• **Aim of the task**
The required output is every line from the one containing "Razor Dubstep Bundle audio waveform" through the last line of the listing below, copied exactly, pictures excluded.

• **Information shown**
[Start of Attachment]

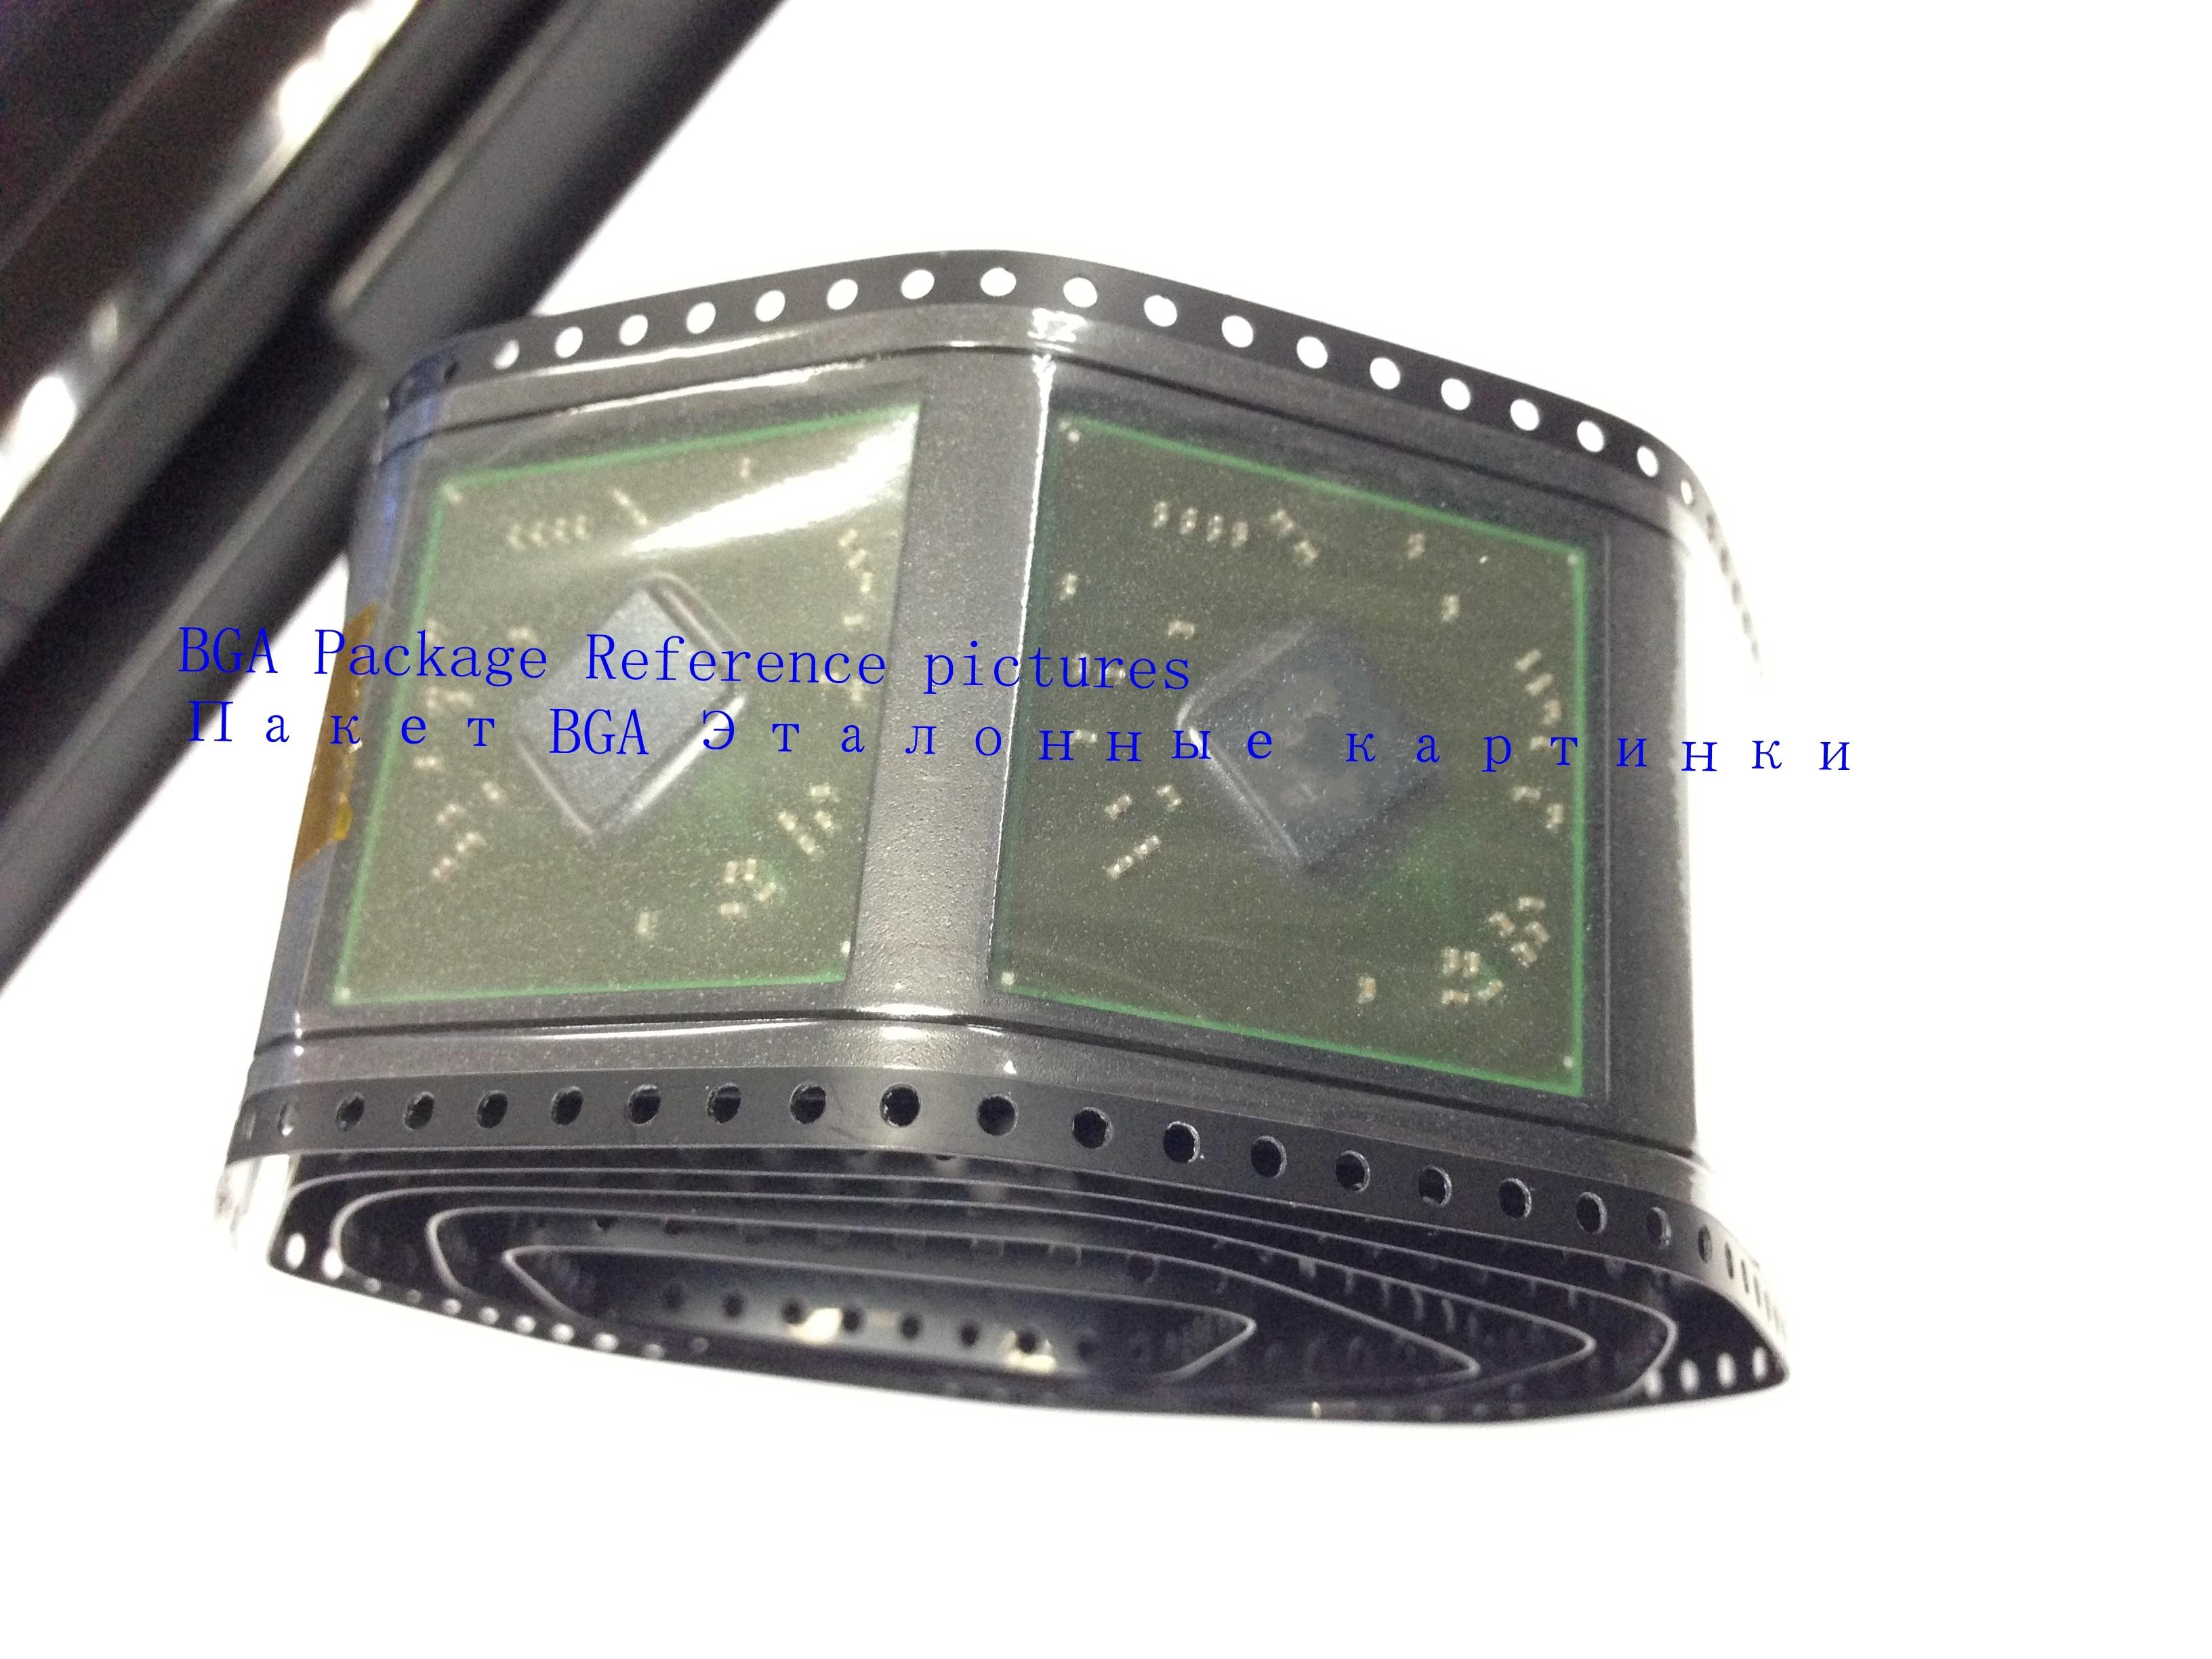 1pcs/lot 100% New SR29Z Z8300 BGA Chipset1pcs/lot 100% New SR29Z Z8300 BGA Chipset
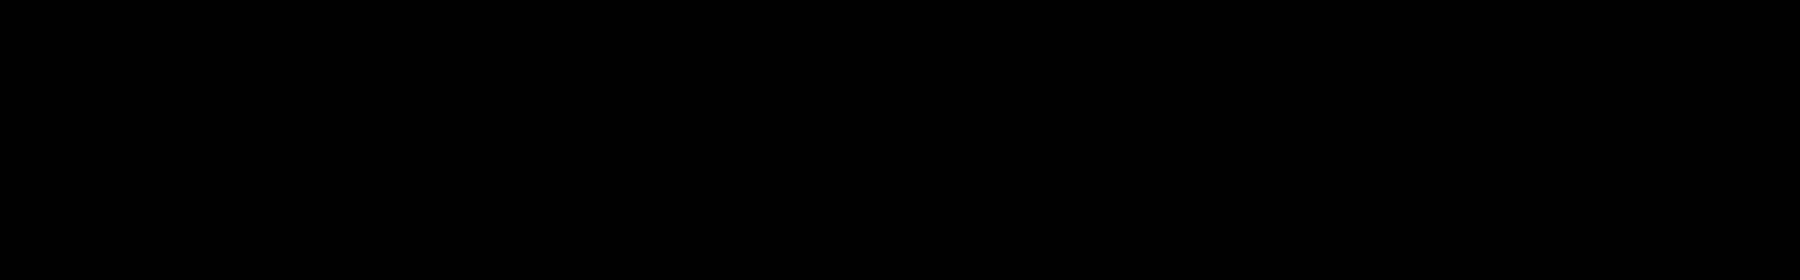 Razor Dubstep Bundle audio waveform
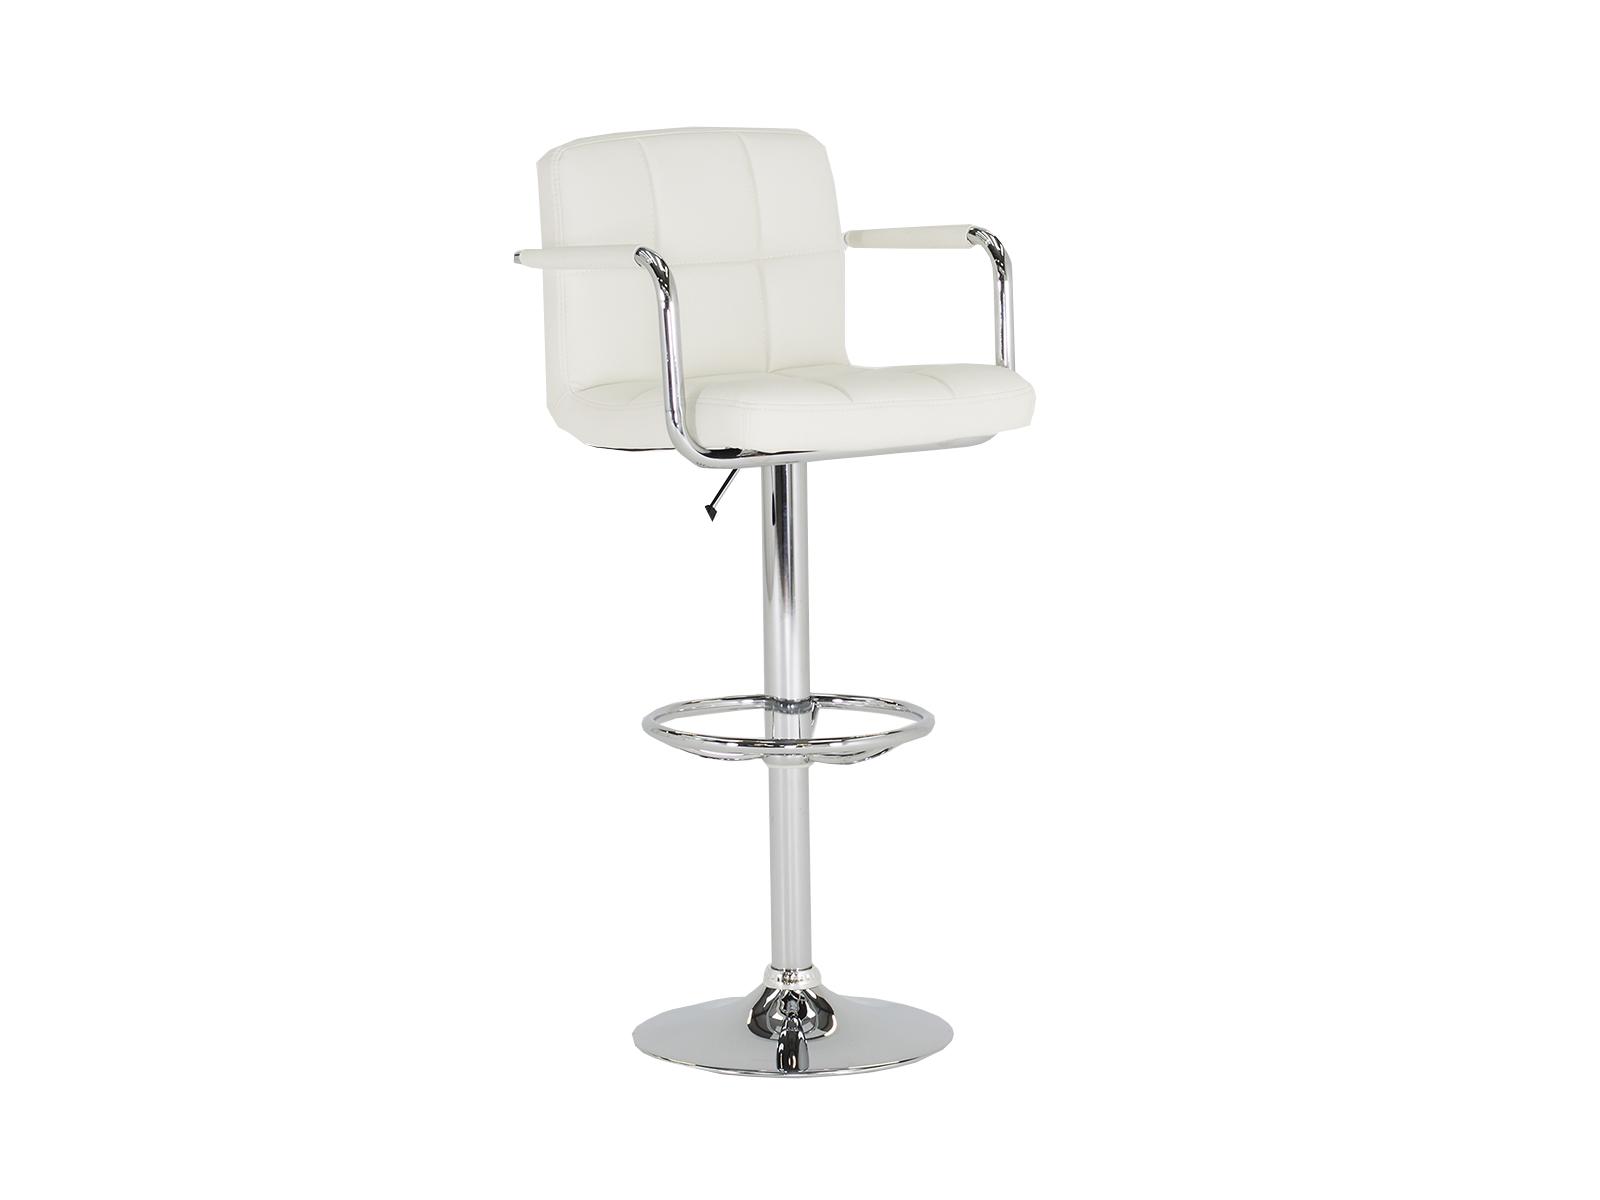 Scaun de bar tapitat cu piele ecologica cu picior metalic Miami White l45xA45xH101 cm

[End of Attachment]

• **Written solution**
 Razor Dubstep Bundle audio waveform
 Scaun de bar tapitat cu piele ecologica cu picior metalic Miami White l45xA45xH101 cm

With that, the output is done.